Task goal ▸ Give the data back exactly. Leave out any images.

Source data ▸
/---

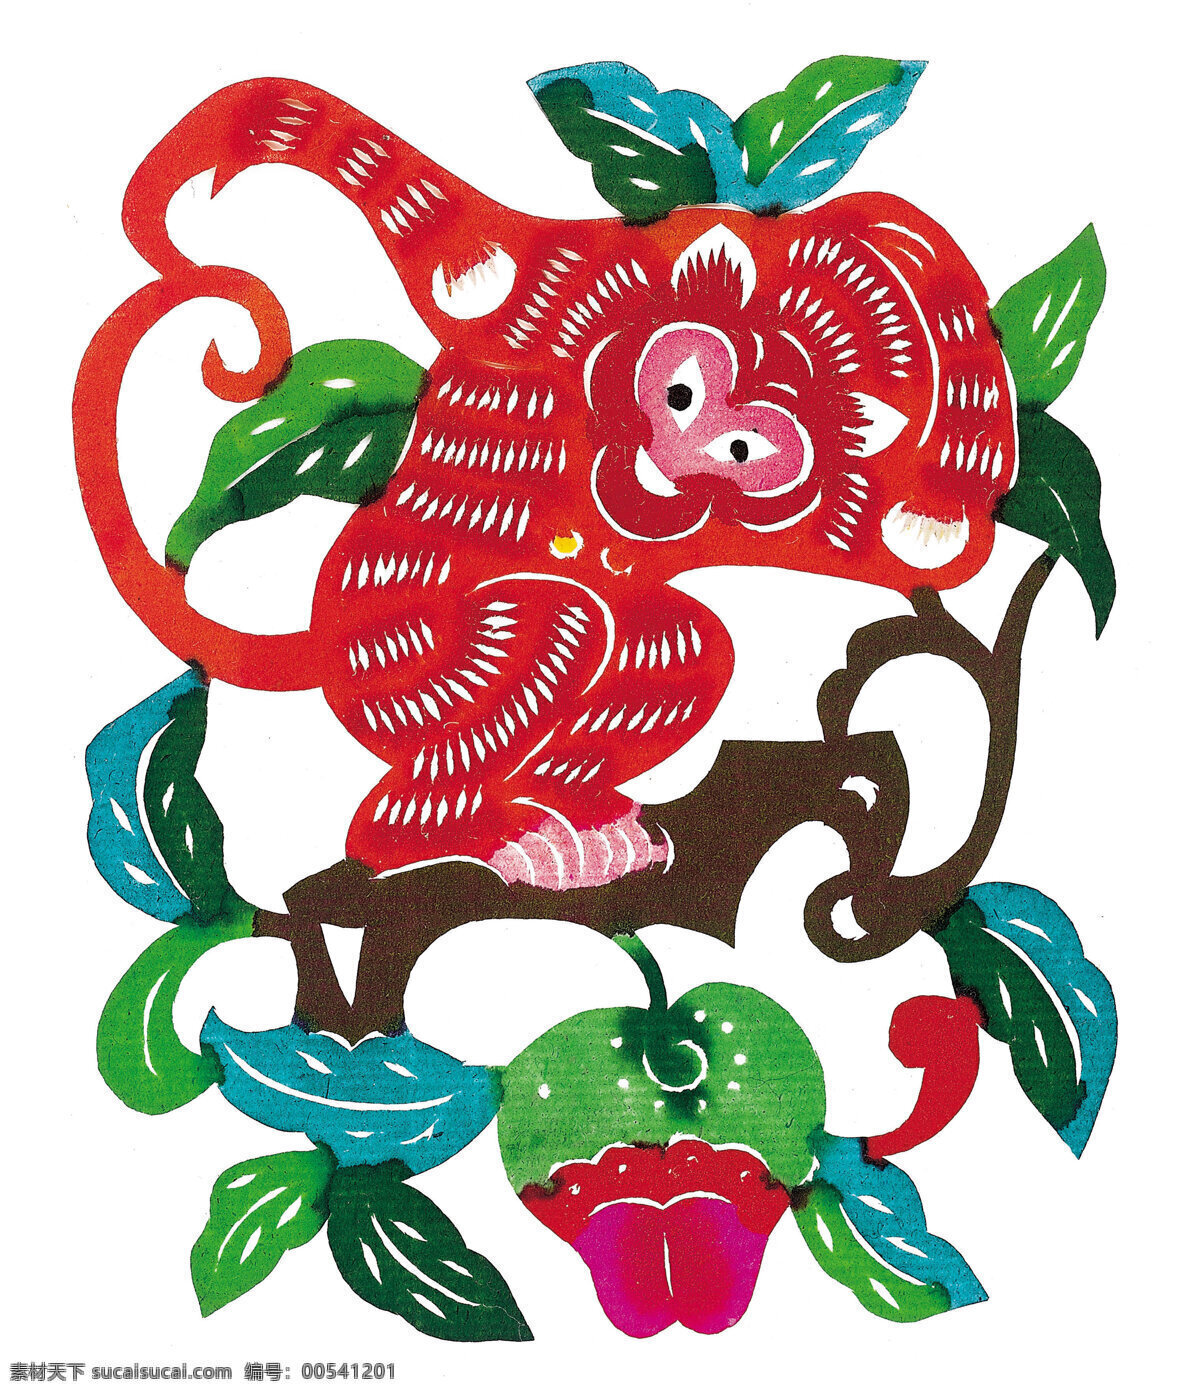 吉祥 图案 传统文化 吉祥图案 剪纸 贴画 中国风 文化艺术
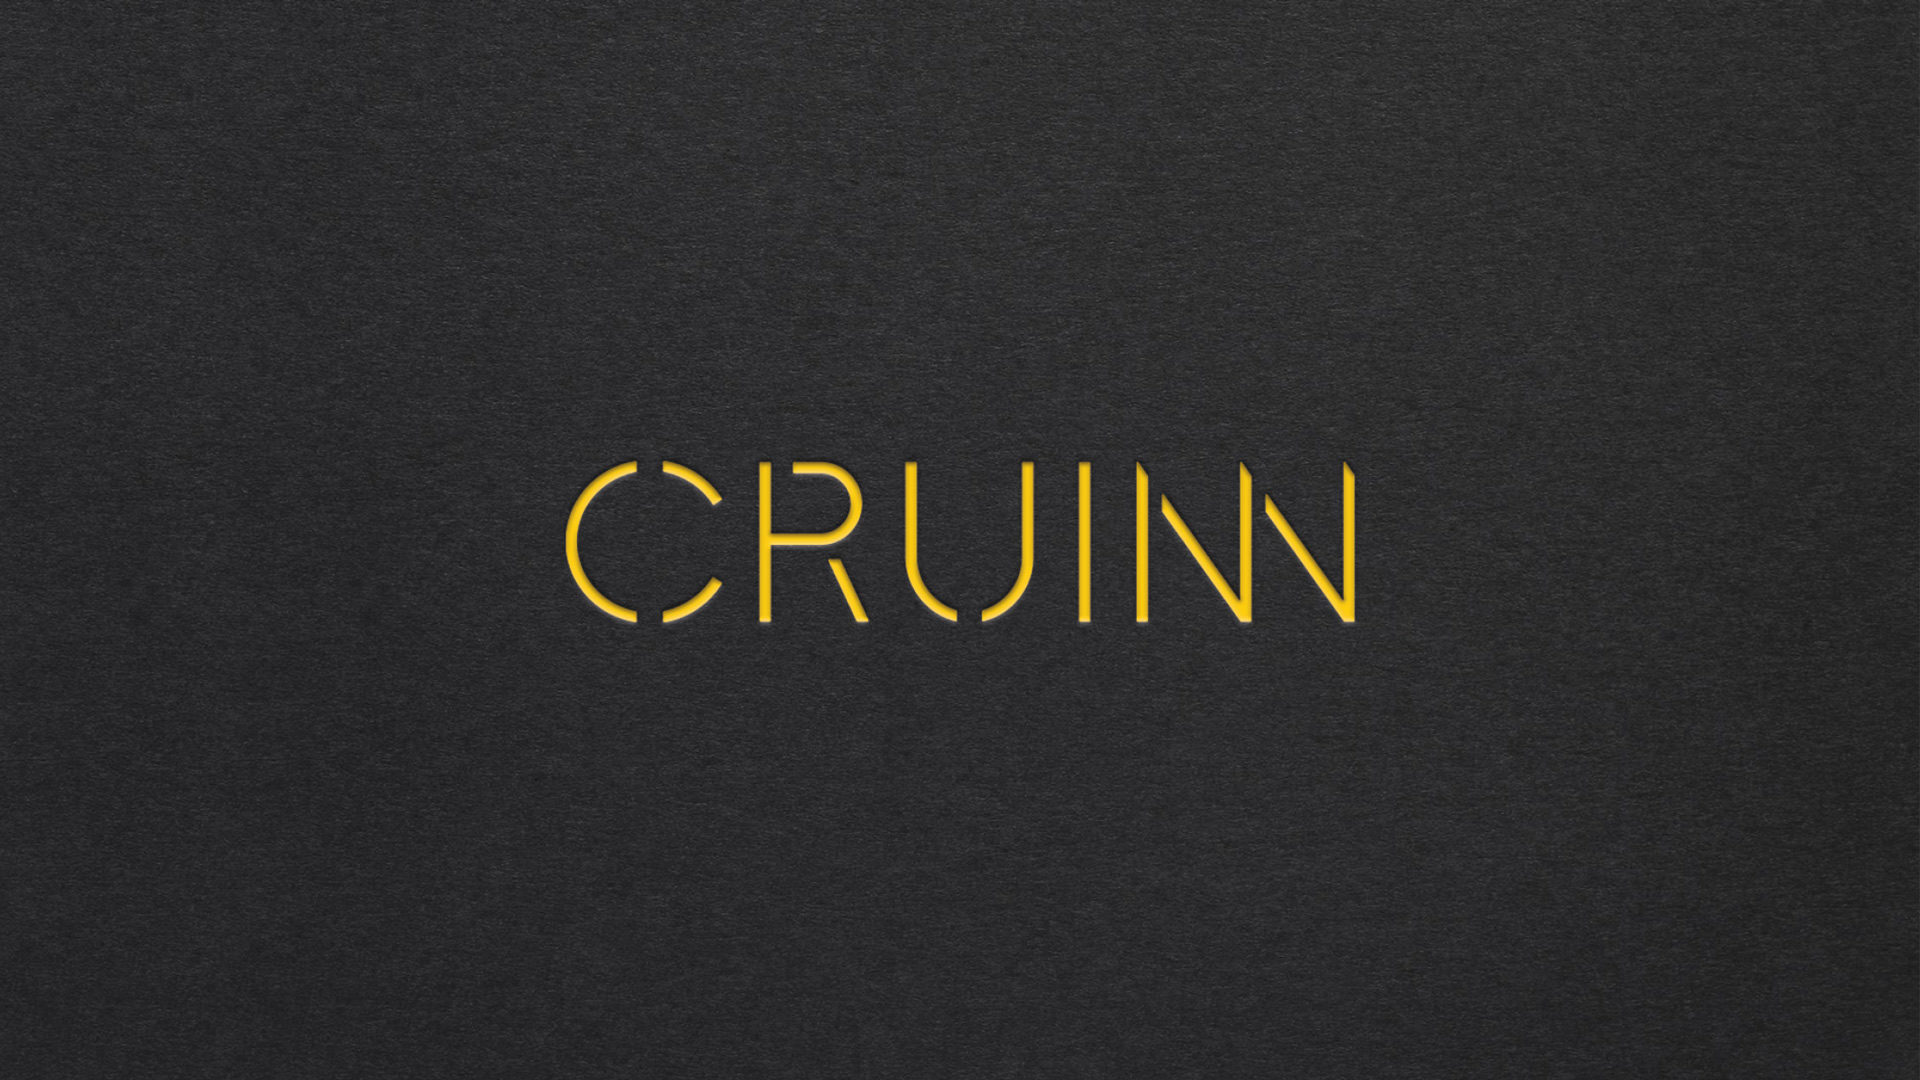 Cruinn Consulting
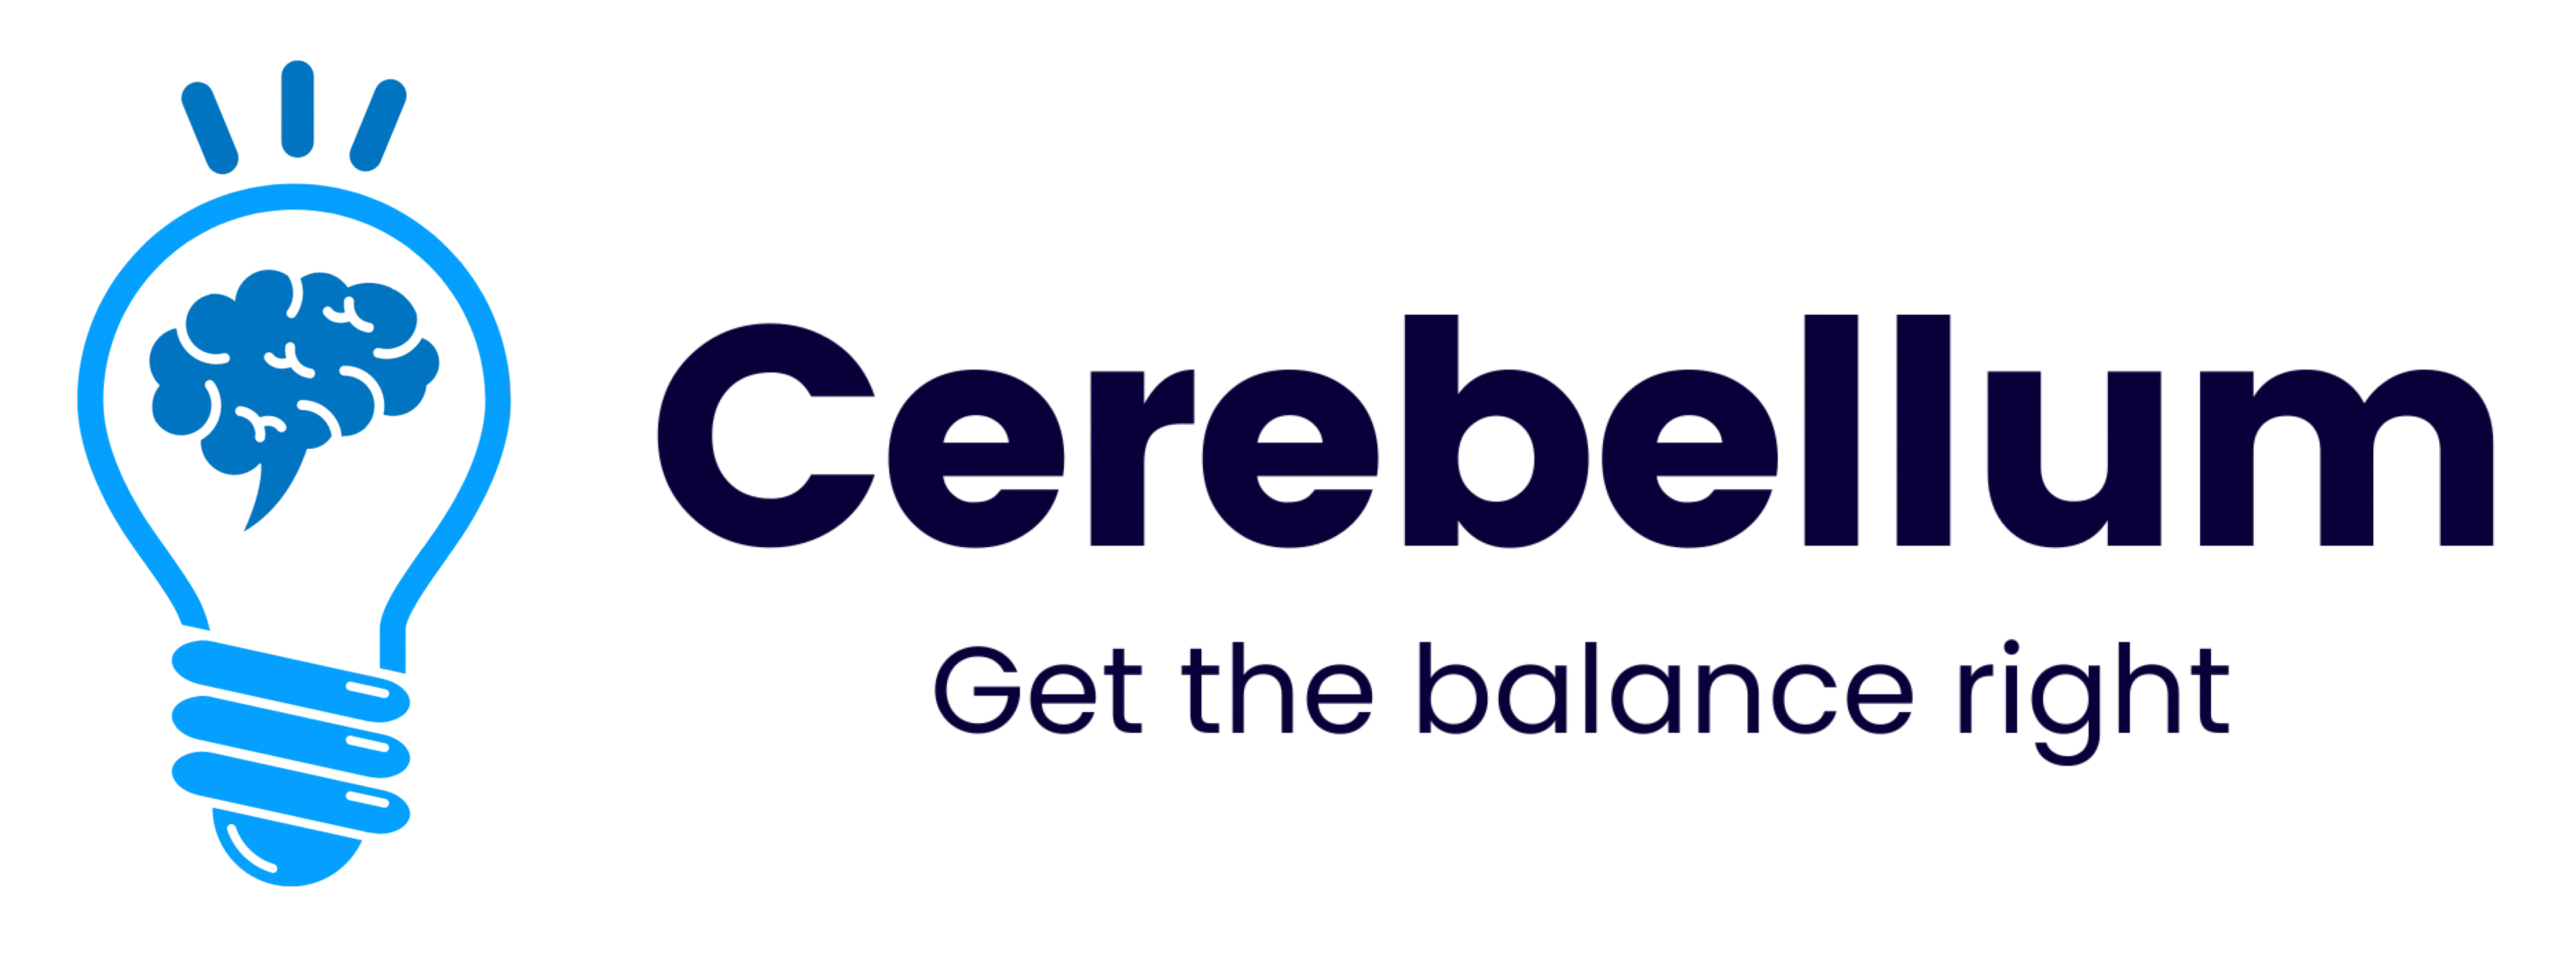 Cerebellum Academy Logo

\---

Exercise result ▸
 吉祥 图案 传统文化 吉祥图案 剪纸 贴画 中国风 文化艺术
 Cruinn Consulting
 Cerebellum Academy Logo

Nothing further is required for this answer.